The with_data flag is corresponding to
WITH [NO] DATA
option of REFRESH
MATERIALIZED VIEW` command. If with_data is true, the backing
query is executed to provide the new data, and if the IMMV is
unpopulated, triggers for maintaining the view are created.
Also, a unique index is created for IMMV if it is possible and
the view doesn’t have that yet. If with_data is false, no new
data is generated and the IMMV become unpopulated, and the
triggers are dropped from the IMMV. Note that unpopulated IMMV
is still scannable although the result is empty. This
behaviour may be changed in future to raise an error when an
unpopulated IMMV is scanned.
refresh_immv
acquires
AccessExclusiveLock
on the view. However,
even if we are able to acquire the lock, a concurrent
transaction may have already incrementally updated and
committed the view before we can acquire the lock. In
REPEATABLE READ
or
SERIALIZABLE
isolation level, this could
lead to an inconsistent state of the view. Therefore, an error
is raised to prevent anomalies when this situation is
detected.
Note
While refresh_immv
is running, the
search_path
is temporarily changed to
pg_catalog, pg_temp
.
F.46.4.1.3. get_immv_def #
get_immv_def
reconstructs the underlying
SELECT command for an IMMV. (This is a decompiled
reconstruction, not the original text of the command.)
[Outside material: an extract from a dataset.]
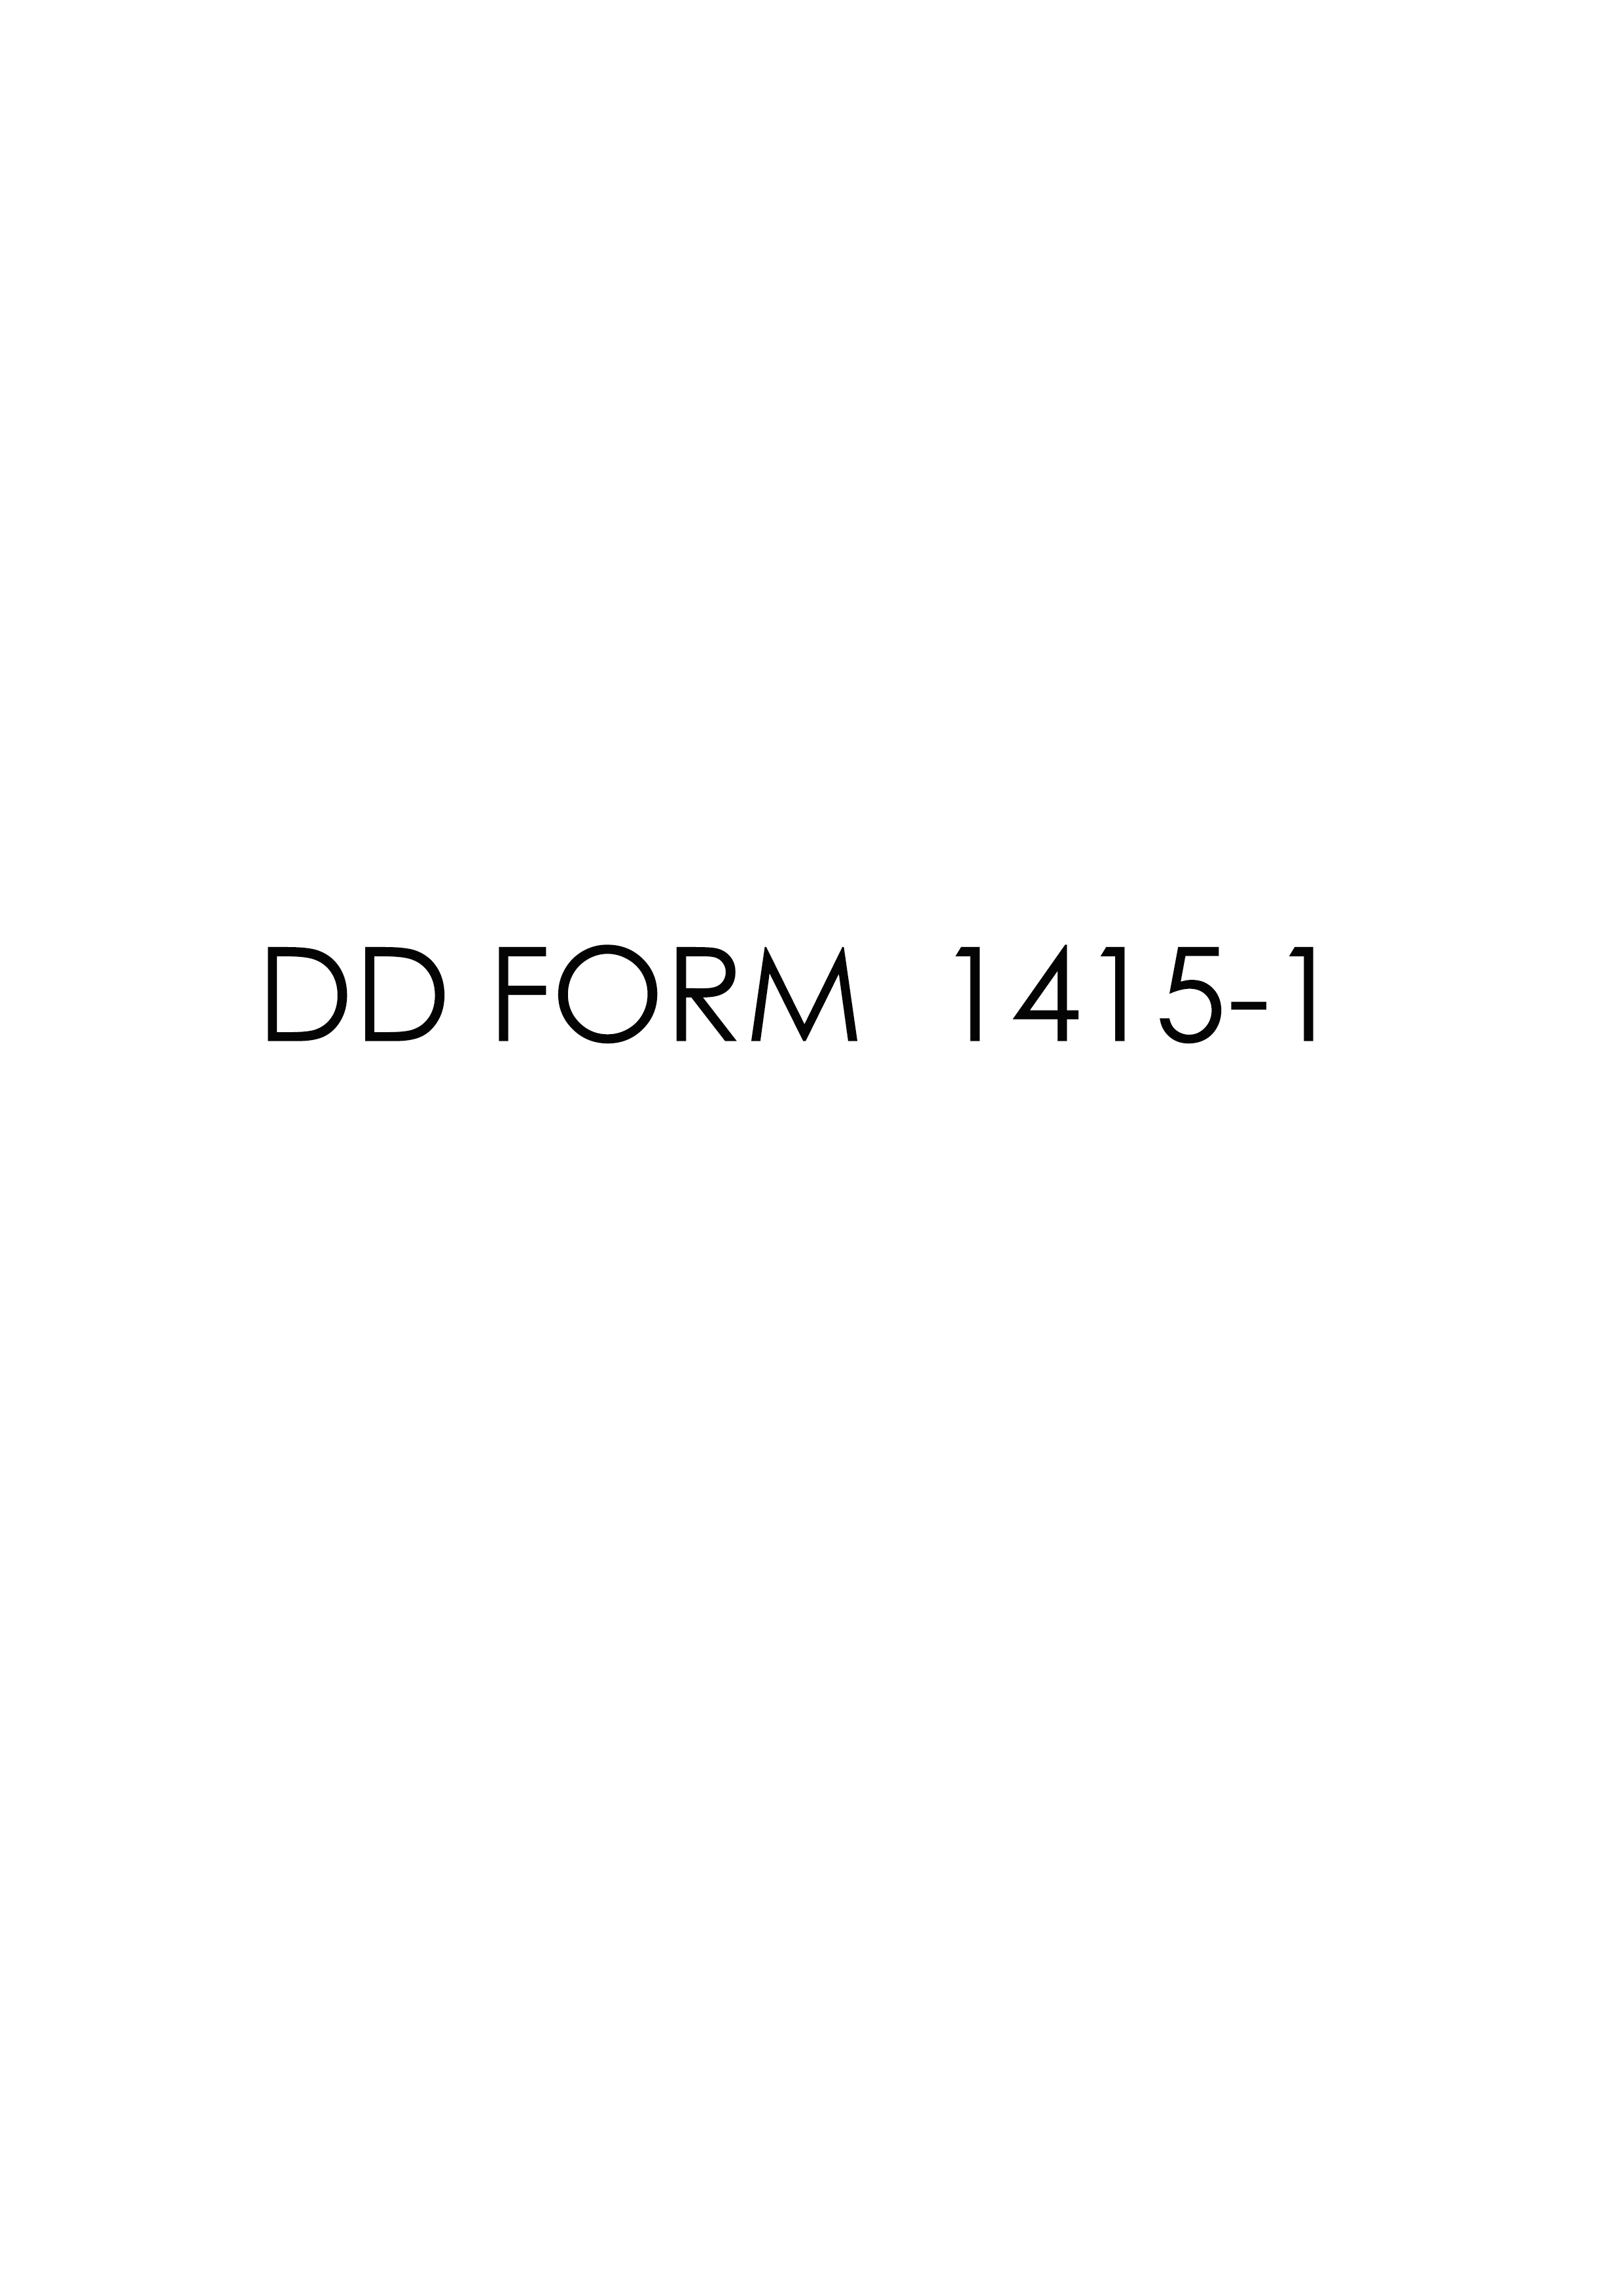 Download dd form 1415-1

pgivm.get_immv_def(immv regclass) RETURNS text
F.46.4.2. IMMV metadata catalog #
The catalog pgivm.pg_ivm_immv
stores IMMV
information.
Name | Type | Description |
---|---|---|
immvrelid | regclass | The OID of the IMMV |
viewdef | text | Query tree (in the form of a nodeToString() representation) for the view definition |
ispopulated | bool | True if IMMV is currently populated |
lastivmupdate | xid8 | The transaction ID of the most recent incremental update to the view |
F.46.5. Example #
F.46.5.1. CREATE MATERIALIZED VIEW
and
REFRESH MATERIALIZED VIEW
#
In general, IMMVs allow faster updates than
REFRESH MATERIALIZED VIEW
at the price of
slower updates to their base tables. Update of base tables is
slower because triggers will be invoked and the IMMV is updated
in triggers per modification statement.
For example, suppose a normal materialized view defined as below:
test=# CREATE MATERIALIZED VIEW mv_normal AS SELECT a.aid, b.bid, a.abalance, b.bbalance FROM pgbench_accounts a JOIN pgbench_branches b USING(bid); SELECT 10000000
Updating a tuple in a base table of this materialized view is
rapid but the REFRESH MATERIALIZED VIEW
command on this view takes a long time:
test=# UPDATE pgbench_accounts SET abalance = 1000 WHERE aid = 1; UPDATE 1 Time: 9.052 ms test=# REFRESH MATERIALIZED VIEW mv_normal ; REFRESH MATERIALIZED VIEW Time: 20575.721 ms (00:20.576)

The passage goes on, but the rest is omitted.